FTD accounts for 10% of all occurring dementia cases and is a leading cause of early-onset dementia, i.e., onset before the age of 65 years. Early symptoms often include insidious behavioral and personality changes and problems with language [5, 6]. The symptoms of behavioral and personality changes are similar to symptoms seen in psychiatric disorders and this often leads to an incorrect initial diagnosis [7]. About 60% of FTD cases are diagnosed between the age of 45 and 60 years [8, 9]. Modifiable risk factors in FTD have been investigated far less than in Alzheimer’s disease (AD) and vascular dementia and although some studies have found associations between FTD and diabetes mellitus [10], head trauma [11-13], education level [14], and autoimmune disease [15], knowledge on modifiable risk factors in FTD is considered sparse [16].

AD accounts for 60–80% of all cases of dementia [17], and these patients display early symptoms of memory problems, apathy, as well as depression, and later communication problems, confusion, disorientation, behavioral changes, and difficulties with speech, swallowing, and walking [8]. Several risk factors for AD have been researched and established, including hypertension, diabetes, hypercholesterolemia, body mass index (BMI), education, and socioeconomic status, along with depression, affective disorders, social network, and social engagement [18-22].

Anxiety and depression are common mental disorders among the general population [23, 24]. Symptoms of depression and anxiety are graded by their severity, duration, and functional impairment, and a diagnosis of anxiety or depression requires a clinical assessment [25]. Depression is a common disorder in the elderly population, and studies performed in the last decade have implied an increasing prevalence of depression with age [26, 27]. Anxiety is harder to assess in elderly individuals, but studies have found it to occur less often than depression and that severe forms are also less common in the elderly [28].

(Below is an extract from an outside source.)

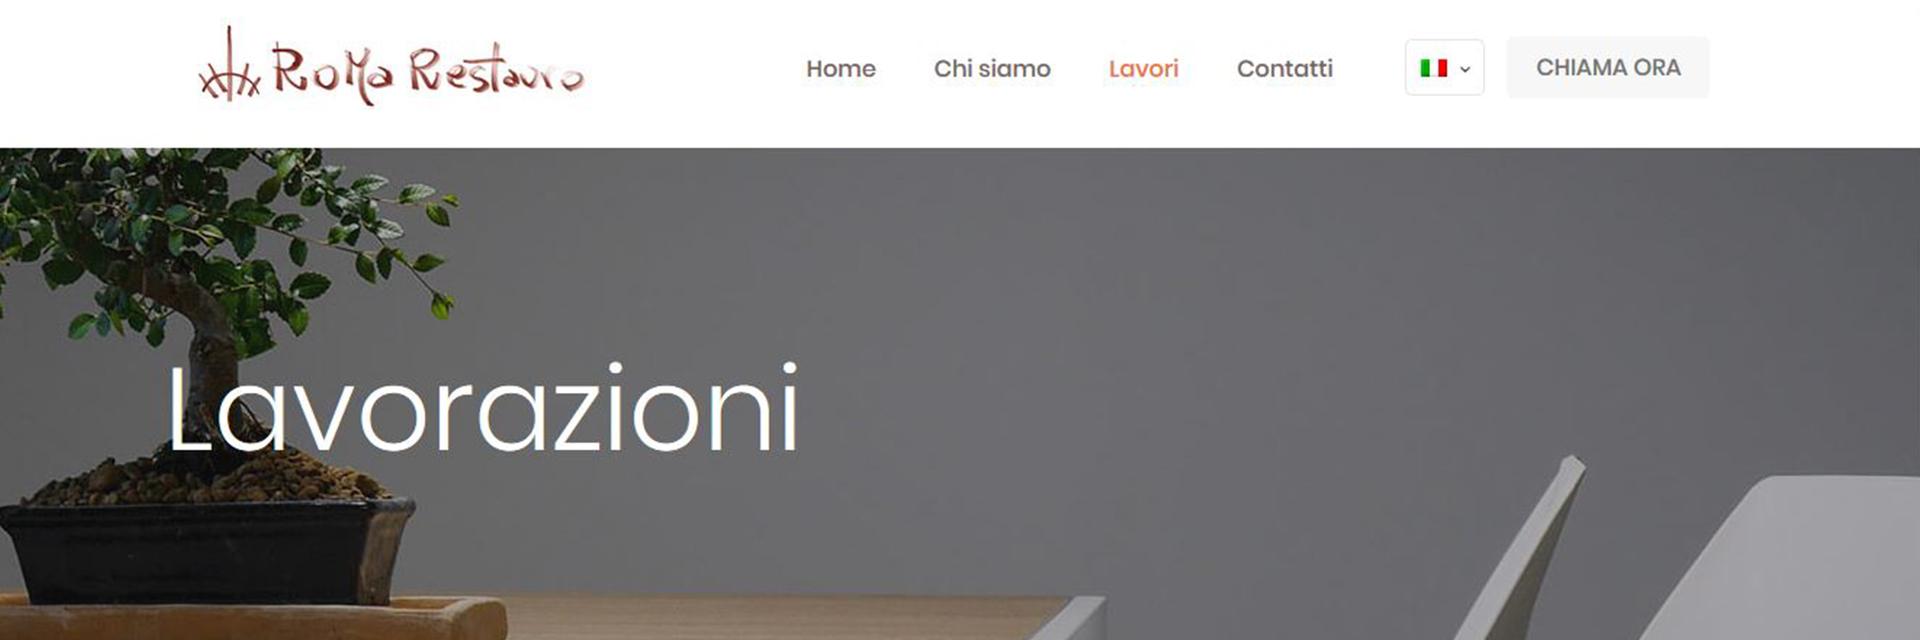 screen-roma-restauro-2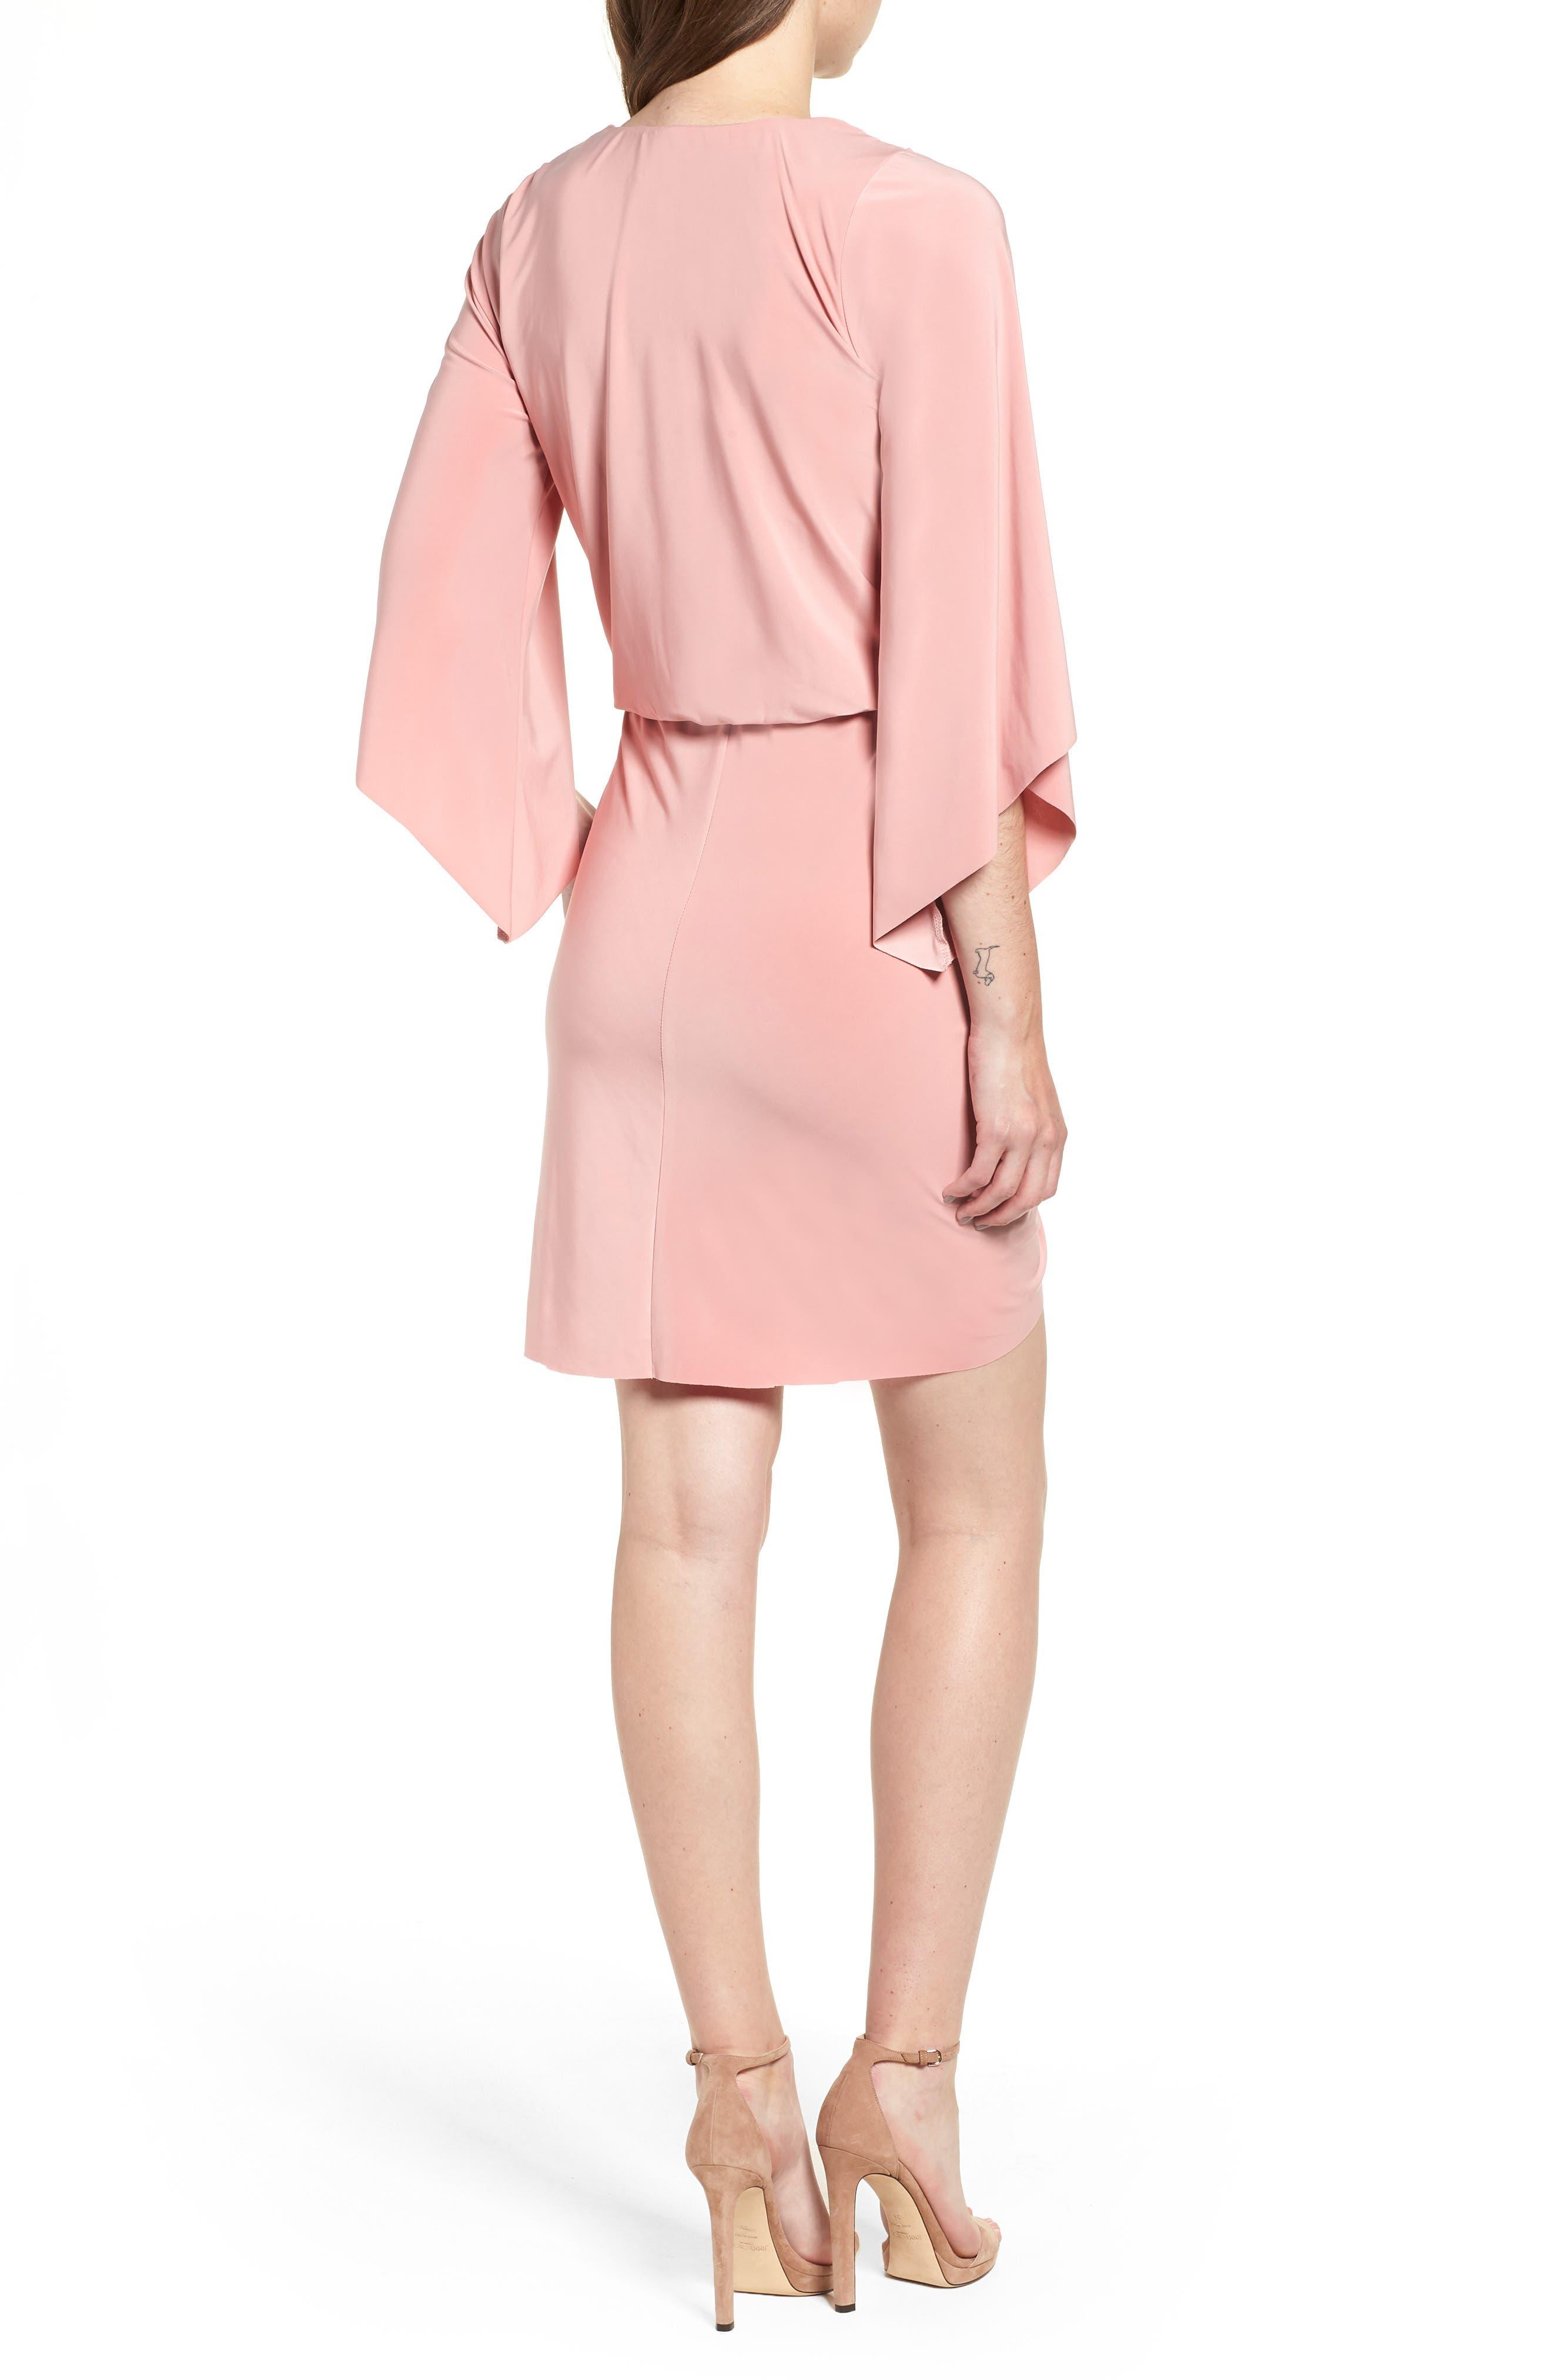 Teget Knot Front Dress,                             Alternate thumbnail 2, color,                             DUSTY ROSE

A few studies have compared risk factors in FTD and AD, finding that patients with FTD were less likely to have hypertension [14, 29], had a lower prevalence of cerebrovascular risk factors [29], were younger and more educated, and were more likely to have a positive family history of dementia than patients with AD [14]. Not only is knowledge of modifiable risk factors for FTD sparse, there has also been a lack of longitudinal studies assessing modifiable risk factors and their impact on premorbid FTD and AD. The aim of this longitudinal population-based case-control study was to investigate the role of anxiety and depression as modifiable risk factors in FTD compared with in AD.

Study Population

In this population-based, longitudinal nested case-control study, the study population comprised of 84 individuals with FTD, 556 individuals with AD, and a control group of 117 verified cognitively healthy (CH) elderly individuals (Fig. 1). Cases with a diagnosis of FTD and AD were identified from the Dementia Register of the Nord-Trøndelag Hospital Trust [30] (Fig. 1). This Dementia Register consists of data collected from a Nursing Home Dementia Register and a Hospital Dementia Register.

Fig. 1.

Study population and data. 1 Study population before and after exclusion. 2 Study data: dementia diag-nosis, assessments of anxiety and depression, and confounders. FTD, frontotemporal dementia; AD, Alzhei-mer’s disease; CH, cognitively healthy.

Fig. 1.

Study population and data. 1 Study population before and after exclusion. 2 Study data: dementia diag-nosis, assessments of anxiety and depression, and confounders. FTD, frontotemporal dementia; AD, Alzhei-mer’s disease; CH, cognitively healthy.

Close modal

The CH control group was selected from a follow-up project on memory and intelligence after HUNT3 between 2010 and 2011 [31] (Fig. 1). During this project, the individuals were examined by a neuropsychologist and categorized as CH [31].

All cases and controls in our study had participated in the second study of the Health Study of Nord-Trøndelag (HUNT2) between 1995 and 1997 and completed the Hospital Anxiety and Depression Scale (HADS). In the HUNT2 study, participants underwent a brief medical examination and were asked to complete questionnaires including physical and mental health-related items. The HUNT2 study has been described in more detail previously [32].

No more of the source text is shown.